INPUT DATA:
Start of Block
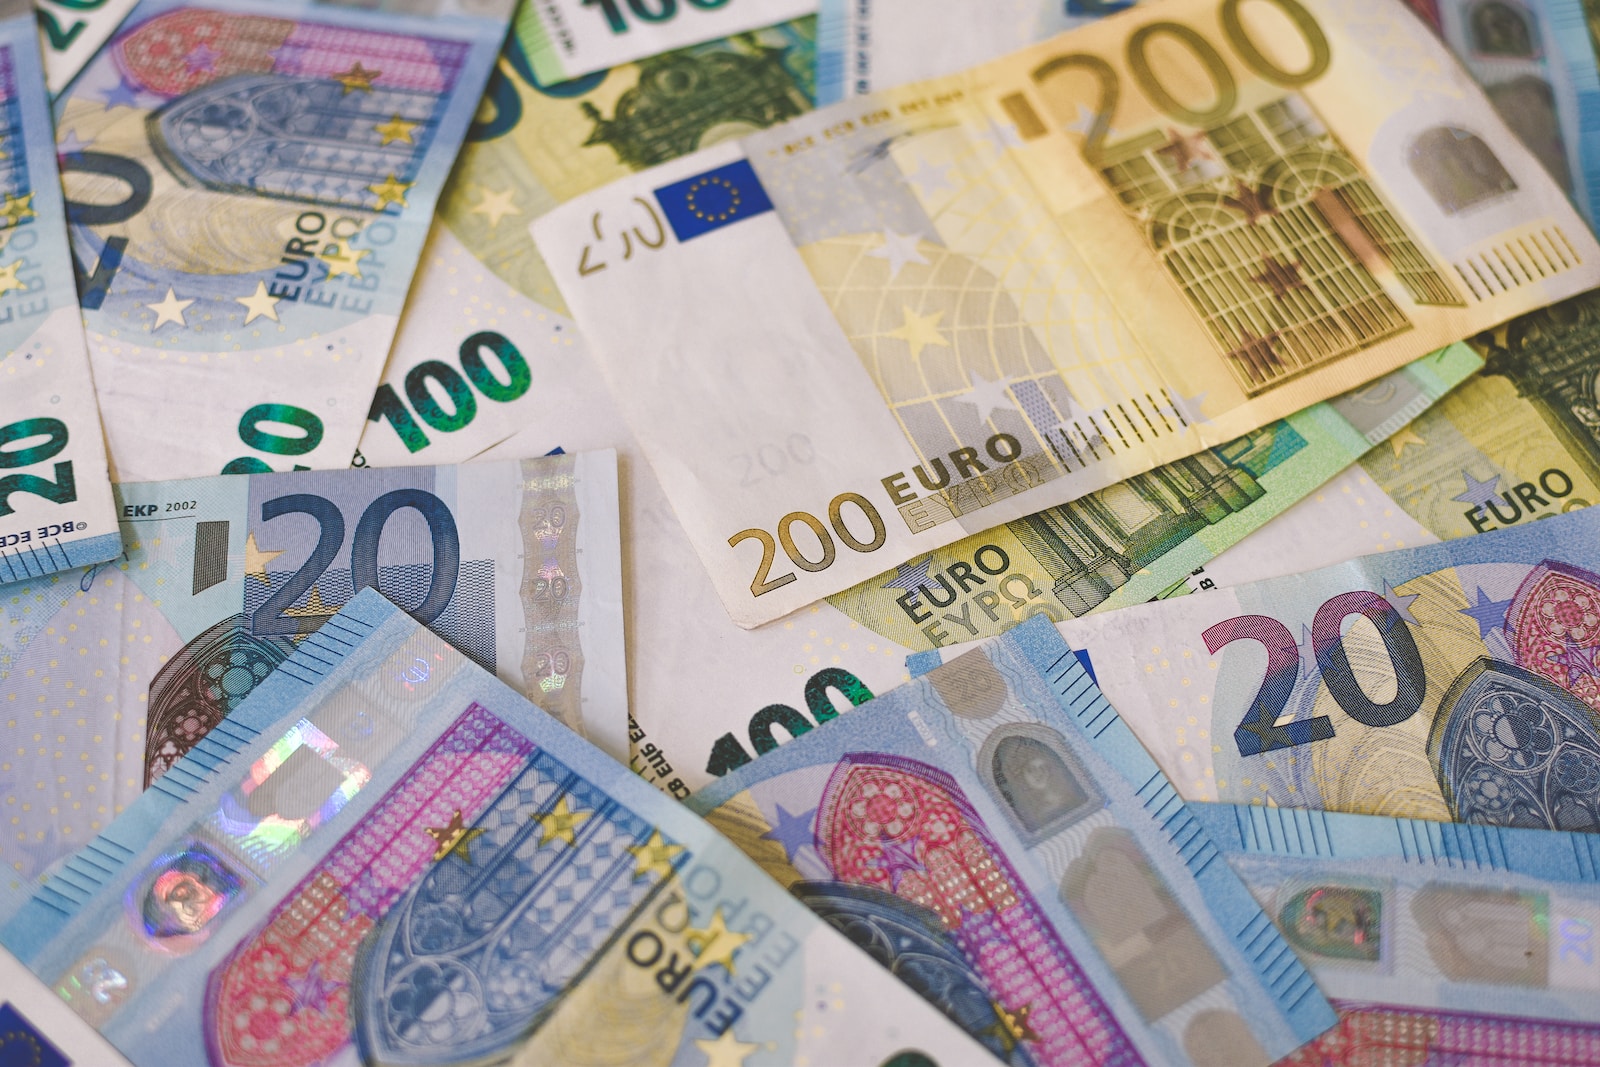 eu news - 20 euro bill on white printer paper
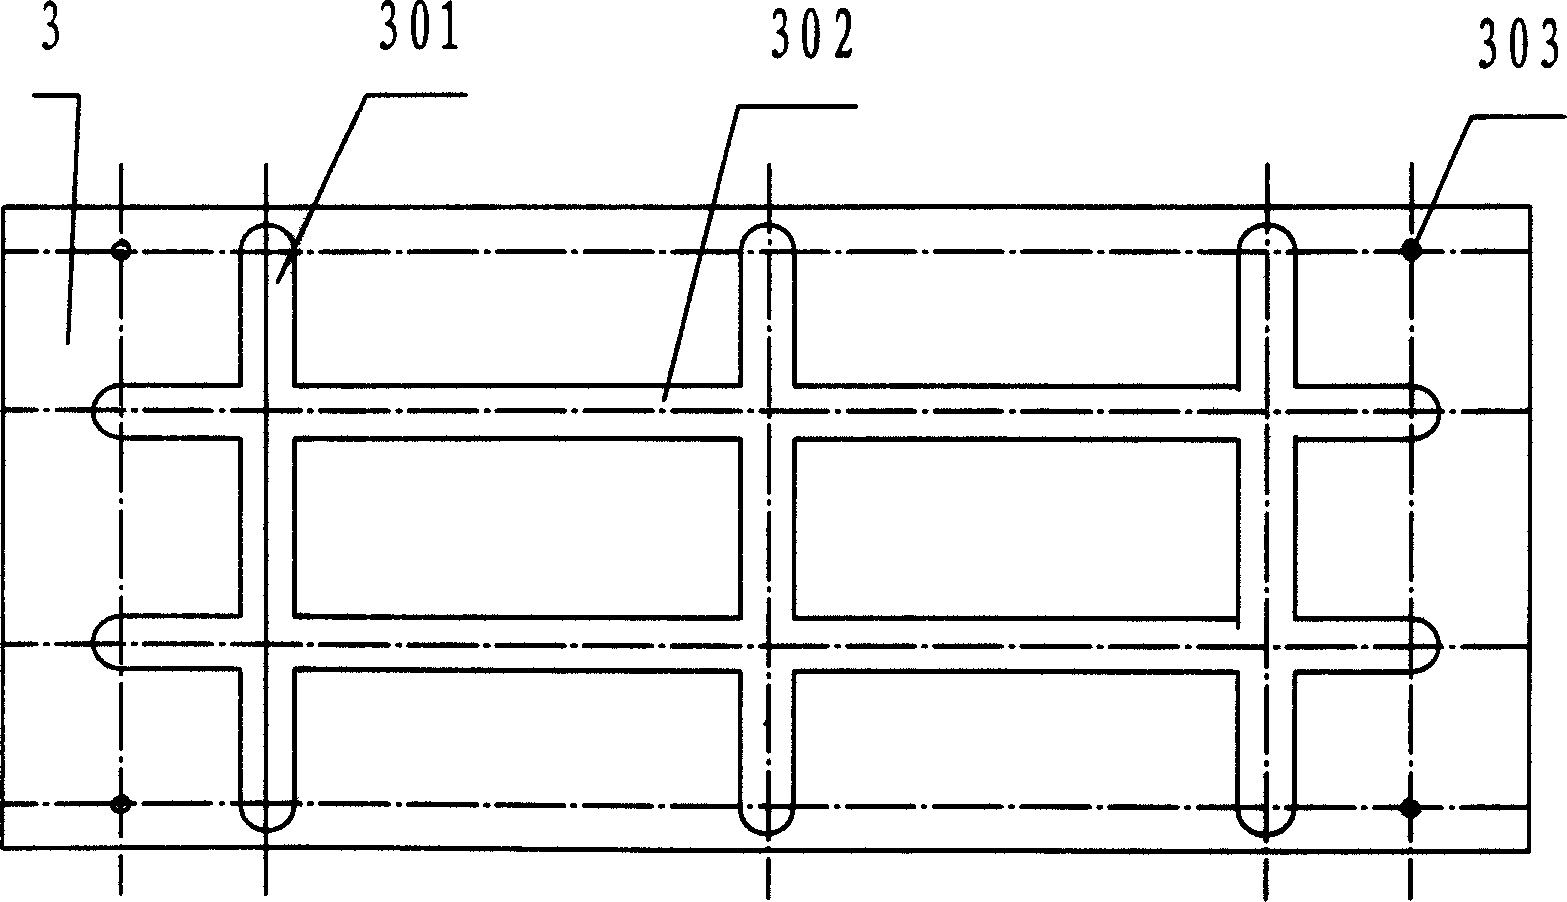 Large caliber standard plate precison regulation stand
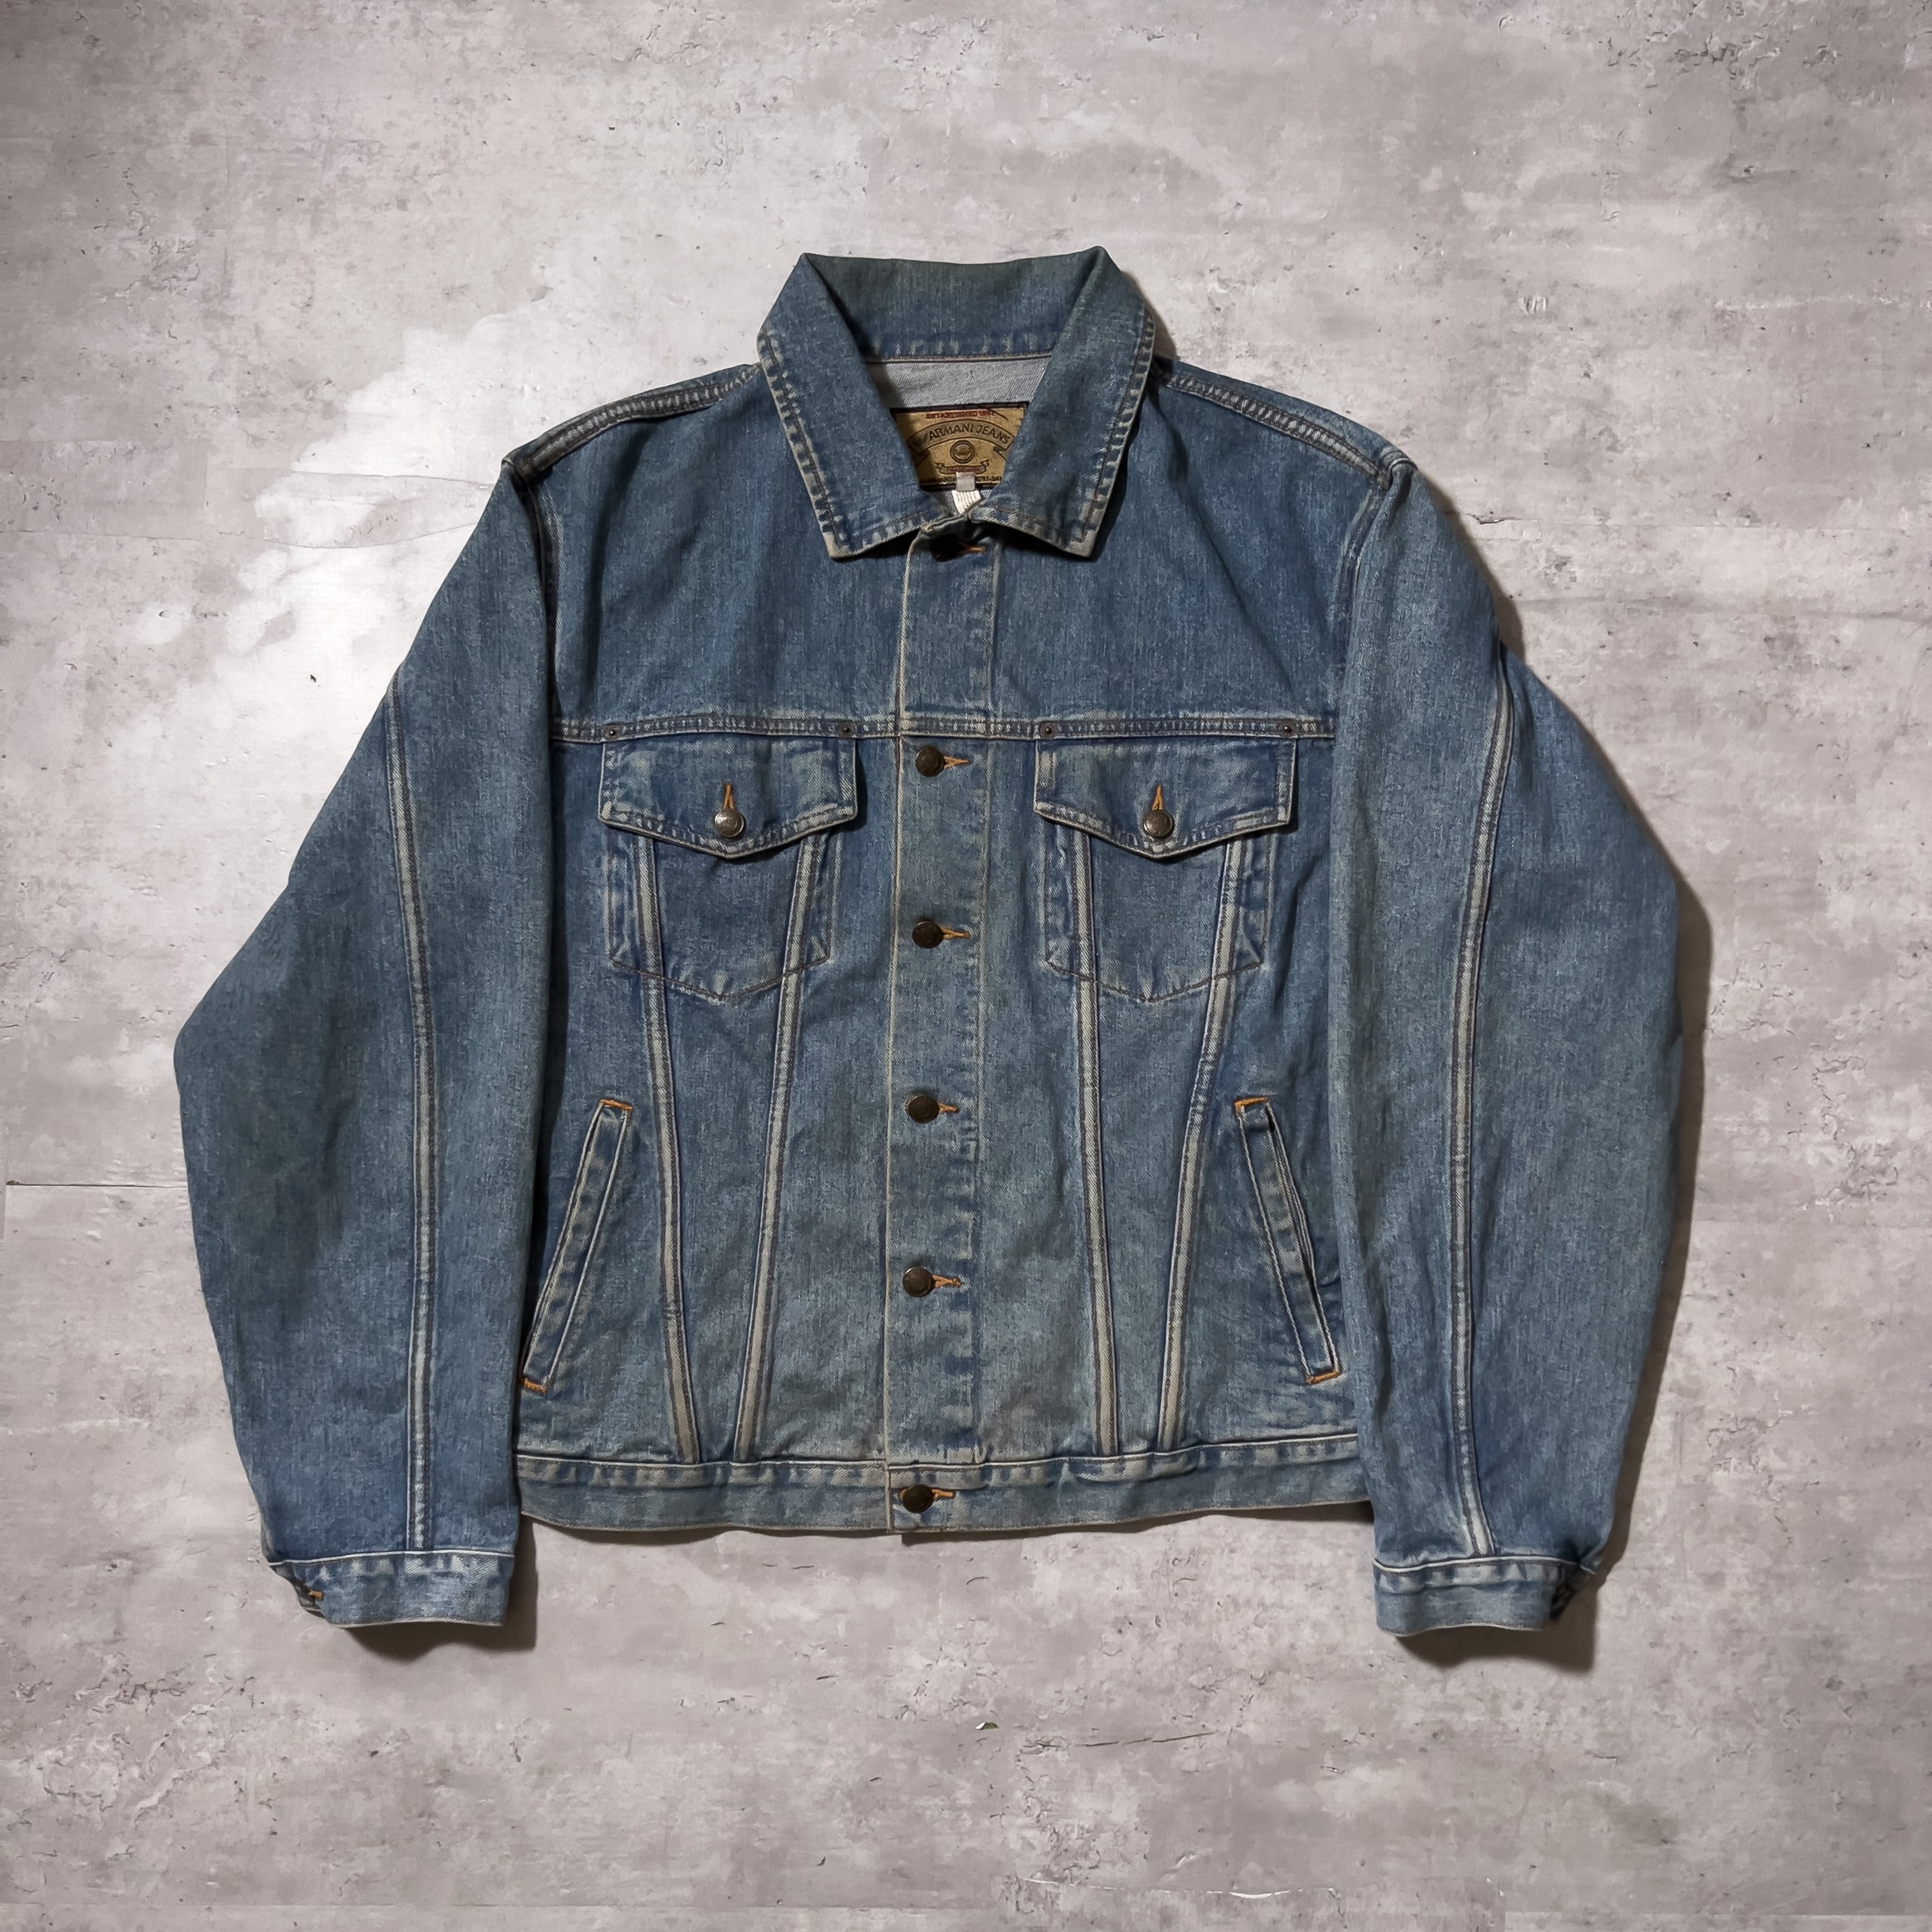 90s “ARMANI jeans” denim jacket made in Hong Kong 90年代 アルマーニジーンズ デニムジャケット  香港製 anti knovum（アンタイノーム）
End of Block
TASK BRIEF: Copy out all the data without changing anything, and drop the pictures.

TASK ANSWER:
 eu news - 20 euro bill on white printer paper
 Large caliber standard plate precison regulation stand
 90s “ARMANI jeans” denim jacket made in Hong Kong 90年代 アルマーニジーンズ デニムジャケット  香港製 anti knovum（アンタイノーム）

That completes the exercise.